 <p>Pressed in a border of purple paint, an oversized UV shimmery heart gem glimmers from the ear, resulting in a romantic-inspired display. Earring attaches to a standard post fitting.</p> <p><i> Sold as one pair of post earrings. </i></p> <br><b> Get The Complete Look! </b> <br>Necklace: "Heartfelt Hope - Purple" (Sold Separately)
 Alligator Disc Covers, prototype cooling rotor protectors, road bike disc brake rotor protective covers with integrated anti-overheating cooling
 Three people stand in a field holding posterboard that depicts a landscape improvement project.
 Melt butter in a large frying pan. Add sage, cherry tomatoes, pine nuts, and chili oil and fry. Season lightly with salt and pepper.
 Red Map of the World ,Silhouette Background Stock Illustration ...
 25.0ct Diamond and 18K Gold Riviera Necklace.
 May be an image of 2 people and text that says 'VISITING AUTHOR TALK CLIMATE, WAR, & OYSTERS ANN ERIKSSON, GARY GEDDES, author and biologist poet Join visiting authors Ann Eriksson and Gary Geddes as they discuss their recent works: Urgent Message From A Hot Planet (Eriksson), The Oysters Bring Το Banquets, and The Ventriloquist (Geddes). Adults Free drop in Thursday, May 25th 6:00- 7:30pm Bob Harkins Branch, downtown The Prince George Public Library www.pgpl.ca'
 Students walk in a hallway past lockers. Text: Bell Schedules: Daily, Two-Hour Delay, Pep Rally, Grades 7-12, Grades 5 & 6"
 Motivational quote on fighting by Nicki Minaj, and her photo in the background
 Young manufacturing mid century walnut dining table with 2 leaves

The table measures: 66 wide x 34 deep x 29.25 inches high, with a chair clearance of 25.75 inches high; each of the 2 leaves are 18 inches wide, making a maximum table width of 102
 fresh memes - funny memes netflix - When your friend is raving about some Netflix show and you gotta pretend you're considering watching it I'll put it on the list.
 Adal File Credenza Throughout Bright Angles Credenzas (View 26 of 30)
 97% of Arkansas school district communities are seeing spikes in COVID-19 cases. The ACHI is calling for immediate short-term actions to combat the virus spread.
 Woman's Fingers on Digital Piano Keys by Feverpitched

────────────────

### EXERCISE GOAL
In the listing above, locate the line containing "Three people stand" and the line containing "25.0ct Diamond and", then transcribe both and every line between them verbatim.

### SOLUTION TO THIS PROBLEM
 Three people stand in a field holding posterboard that depicts a landscape improvement project.
 Melt butter in a large frying pan. Add sage, cherry tomatoes, pine nuts, and chili oil and fry. Season lightly with salt and pepper.
 Red Map of the World ,Silhouette Background Stock Illustration ...
 25.0ct Diamond and 18K Gold Riviera Necklace.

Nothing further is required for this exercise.